There's 4 monitors and 3 video cards. The first monitor is connected to the first video card, which is an old S3 running at 800 * 600 * 15 bpp. The second monitor is connected to onboard Intel video and is running at 1024 * 768 * 16-bpp. The third and fourth monitors are connected to a nice ATI video card (with dual-output), and the third monitor is running at 1600 * 1200 * 32-bpp while the fourth monitor is running at 1280 * 1024 * 32-bpp.
The 4 monitors are arranged in a square, like this:
Code: Select all
+-----+-----+
| 1 | 2 |
+-----+-----+
| 3 | 4 |
+-----+-----+
The 4 monitors are setup as a single virtual screen, and act like one big monitor.
You want to draw a green rectangle in the center of the virtual screen. To do this you create a "video script" that describes the virtual co-ordinates for the top left corner and the virtual co-ordinates for the bottom right corner of the rectangle, and the rectangle's colour.

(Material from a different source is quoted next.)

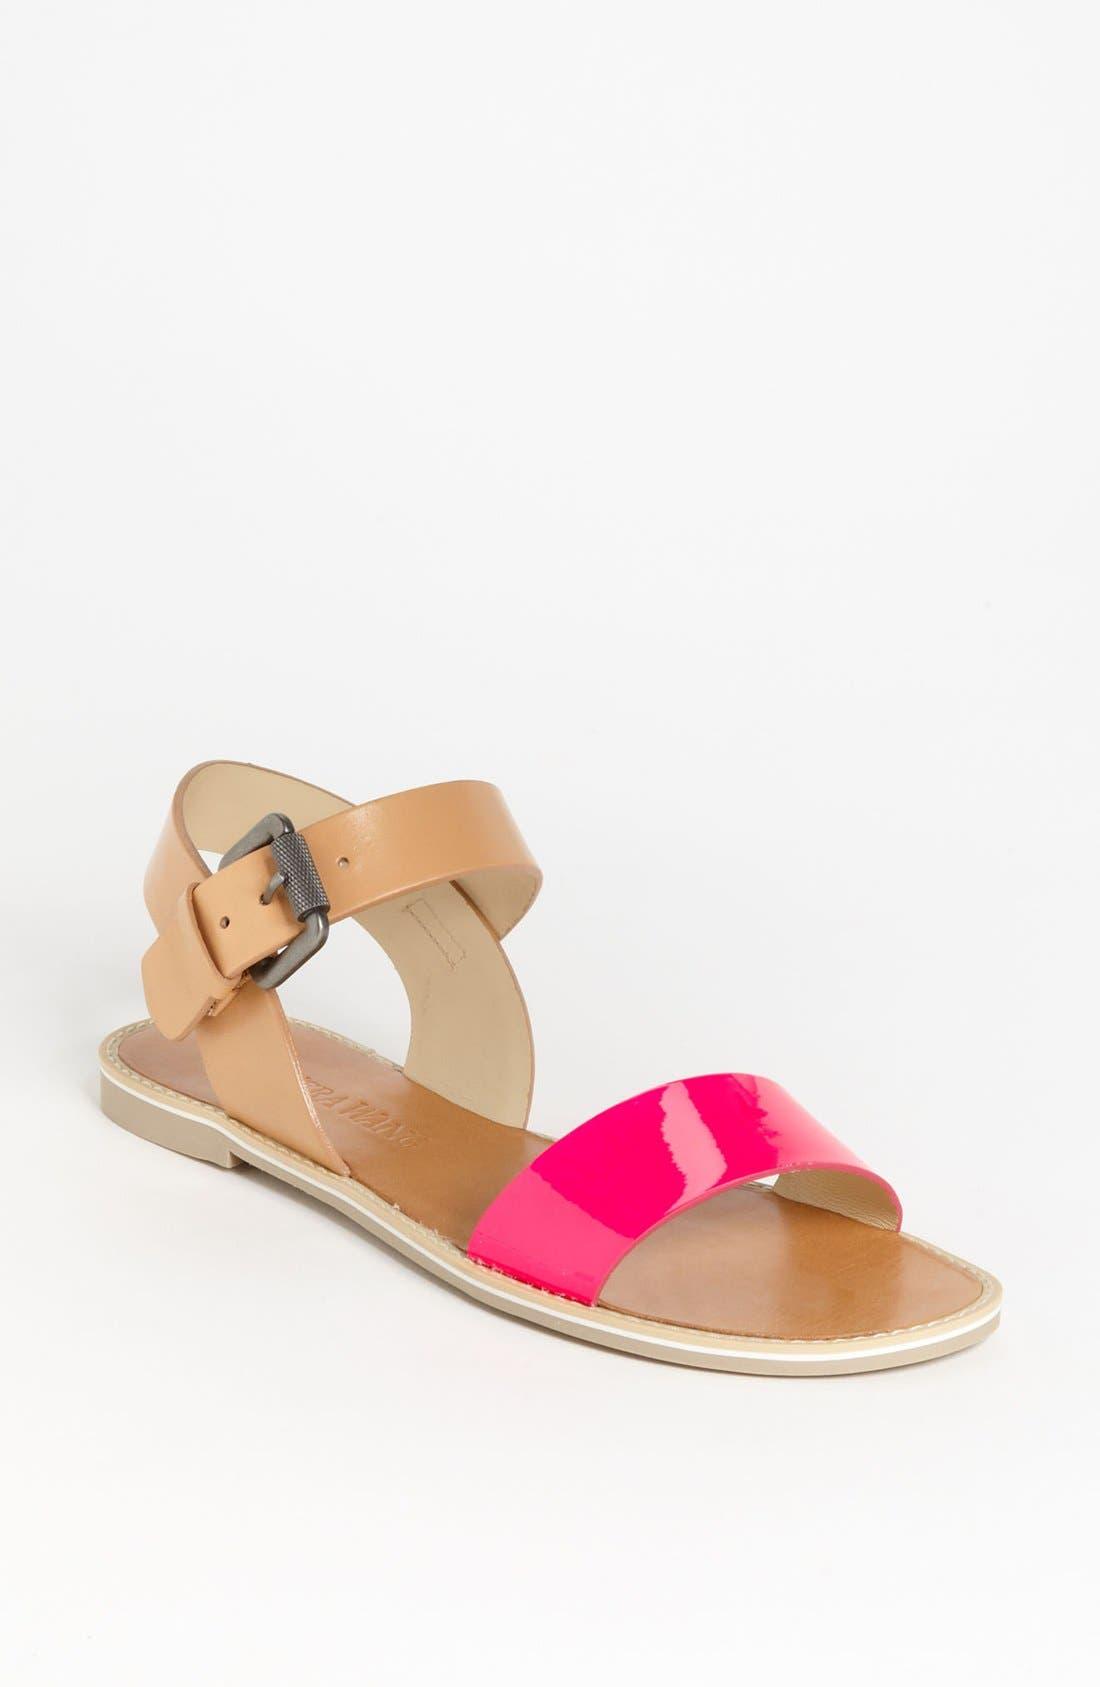 Main Image - Vera Wang Footwear 'Febe' Sandal (Online Only)
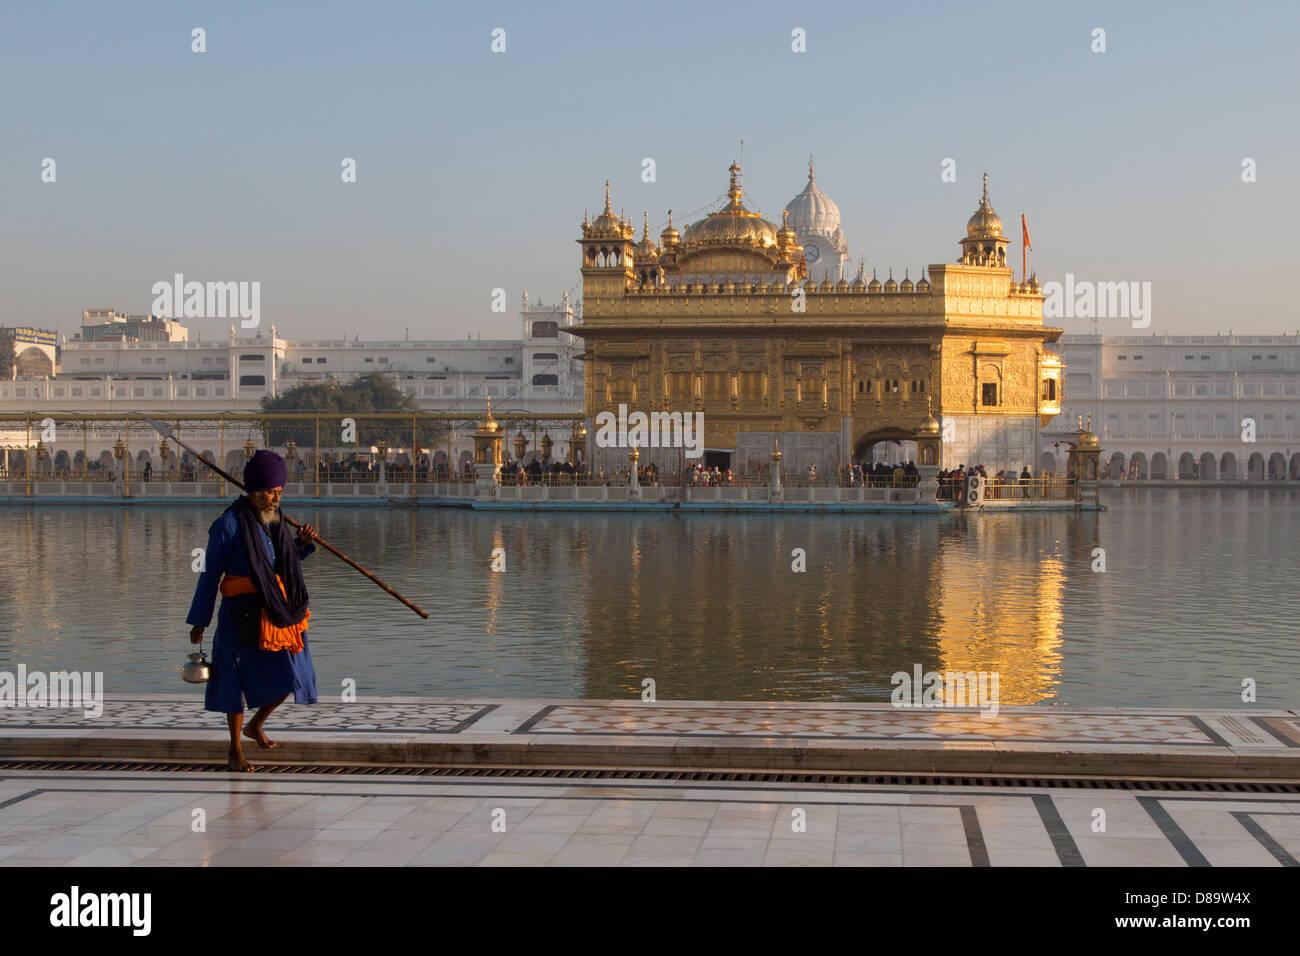 India, Punjab, Amritsar. golden Temple, Holy man visiting complex - Stock Image

You send this script to a "virtual screen" layer, which create 4 copies of this script (one for each monitor) and clips them, so that each of the 4 new scripts describes a quarter of the original script/rectangle. Then these 4 new scripts are sent to the corresponding video device drivers, and each video driver renders it's script (including converting from virtual co-ordinates into video mode specific co-ordinates, and converting colours from the standardized representation into the video mode's pixel format).
Of course if there's only one video card and one monitor, the "virtual screen" layer can be skipped entirely (the script from the GUI/application can go directly to the video driver); and one green rectangle is fairly boring (but the exact same idea would work for complex 3D scenes, or windows, dialog boxes, icons, etc, complete with full hardware acceleration where possible); and there's no reason the same script couldn't be sent to a printer or something else instead (or stored "as is" in a file for later, or maybe sent to a ray-caster to create an insanely high-quality image rather than an acceptable "real time" image).
To me, this sort of arrangement is both flexible and elegant.
Now, try describing how something like this would work when the application is plotting pixels directly into the video card/s frame buffer (and please realize that I deliberately didn't say that all of the video cards are in the *same* computer)...
Cheers,
Brendan